The pseudo-inverse (or Moore-Penrose inverse)

We note that since our design matrix is defined as \(\dmat\in {\mathbb{R}}^{N_d\times N_p}\), the combination \(\dmat^T\dmat \in {\mathbb{R}}^{N_p\times N_p}\) is a square matrix. The product \(\left(\dmat^T\dmat\right)^{-1}\dmat^T\) is called the pseudo-inverse of the design matrix \(\dmat\). The pseudo-inverse is a generalization of the usual matrix inverse. The former can be defined also for non-square matrices that are not necessarily full rank. In the case of full-rank and square matrices the pseudo-inverse is equal to the usual inverse.

Spot the error!

Your classmate simplifies \(\dmat^T\data = \dmat^T\dmat\parsLR^*\) as \(\data = \dmat\parsLR^*\) and then solves for \(\parsLR^*\) as \(\parsLR^* = \dmat^{-1}\data\). What is wrong?

Answer

\(\dmat\) is not a square matrix (in general).

The regression residuals \(\residuals^{*} = \data - \dmat \parsLR^{*}\) can be used to obtain an estimator \(s^2\) of the variance of the residuals

(8.24)\[ s^2 = \frac{(\residuals^*)^T\residuals^*}{N_d-N_p}, \]

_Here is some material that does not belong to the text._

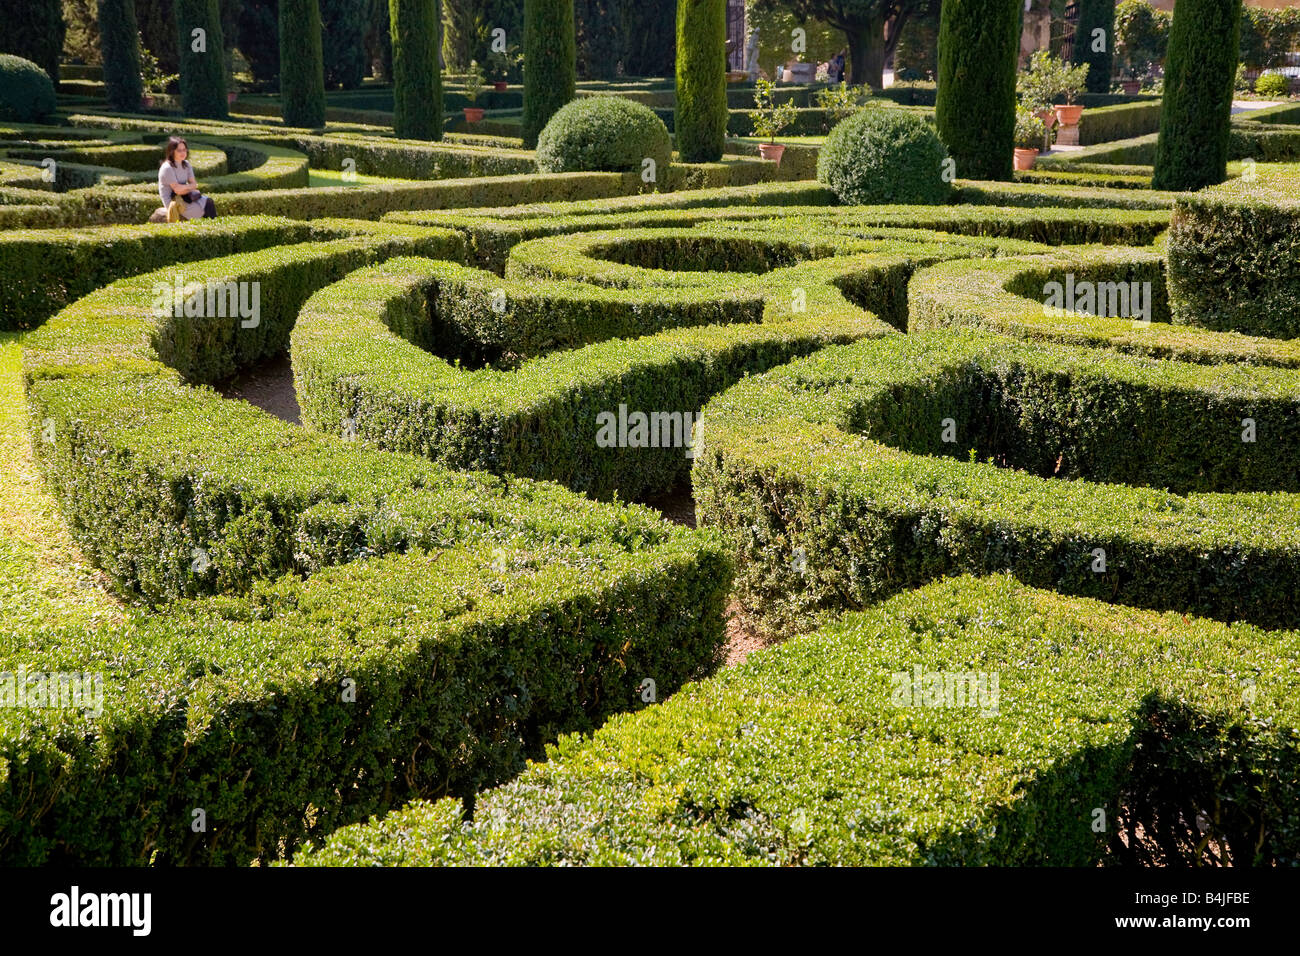 Giardino Giusti gardens Verona Italy Stock Photo

where \(N_p\) is the number of parameters in the model and \(N_d\) is the number of data.

In frequentist linear regression using the ordinary least-squares method we make a leap of faith and decide that we are seeking a “best” model with an optimal set of parameters \(\parsLR^*\) that minimizes the Euclidean norm of the residual vector \(\residuals\), as above.

Workflow for Bayesian linear regression

In following the four-step workflow for Bayesian inference (see Section 2.2), we need to

1. Identify the observable and unobservable quantities and formulate appropriately informative priors before new data is used.

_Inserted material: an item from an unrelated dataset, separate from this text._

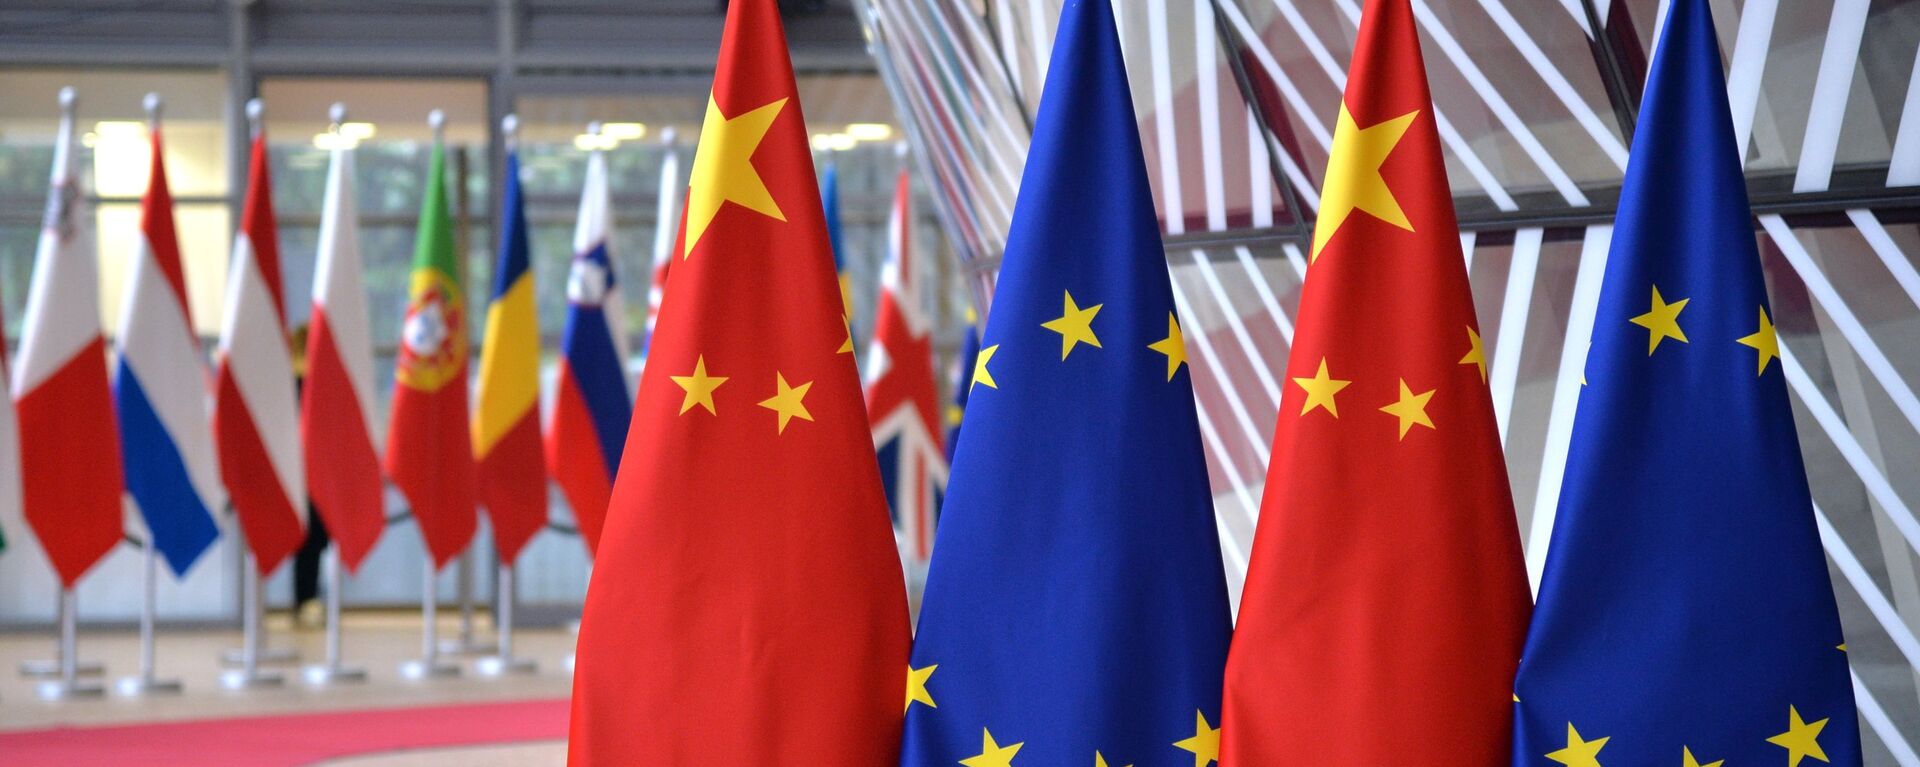 Флаги Европейского союза и государственные флаги КНР на саммите ЕС-КНР в Брюсселе - Sputnik Молдова, 1920, 26.04.2023

2. Set up a full statistical model relating the physics model and data, including all errors. We need to consistently build in our knowledge of the underlying physics and of the data measurement process.

3. Calculate and interpret the relevant posterior distributions. This is the conditional probability distribution of the unobserved quantities of interest, given the observed data.

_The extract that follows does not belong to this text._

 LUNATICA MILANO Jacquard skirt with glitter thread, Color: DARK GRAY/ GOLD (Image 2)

4. Do model checking: assess the fit of the model and the reasonableness of the conclusions, testing the sensitivity to model assumptions in steps 1 and 2. From this assessment we modify the model appropriately and repeat all four steps.

To carry out this workflow for BLR, we note that our goal is to relate data \(\data\) to the output of a linear model expressed in terms of its design matrix \(\dmat\) and its model parameters \(\parsLR\) by \(M = \dmat \parsLR\). We consider the special case of one dependent response variable (\(\output\)) and a single independent variable (\(\inputt\)), for which the data set (\(\data\)) and the residual vector (\(\residuals\)) are both \(N_d \times 1\) column vectors with \(N_d\) the length of the data set. The design matrix (\(\dmat\)) has dimension \(N_d \times N_p\) and the parameter vector (\(\parsLR\)) is \(N_p \times 1\).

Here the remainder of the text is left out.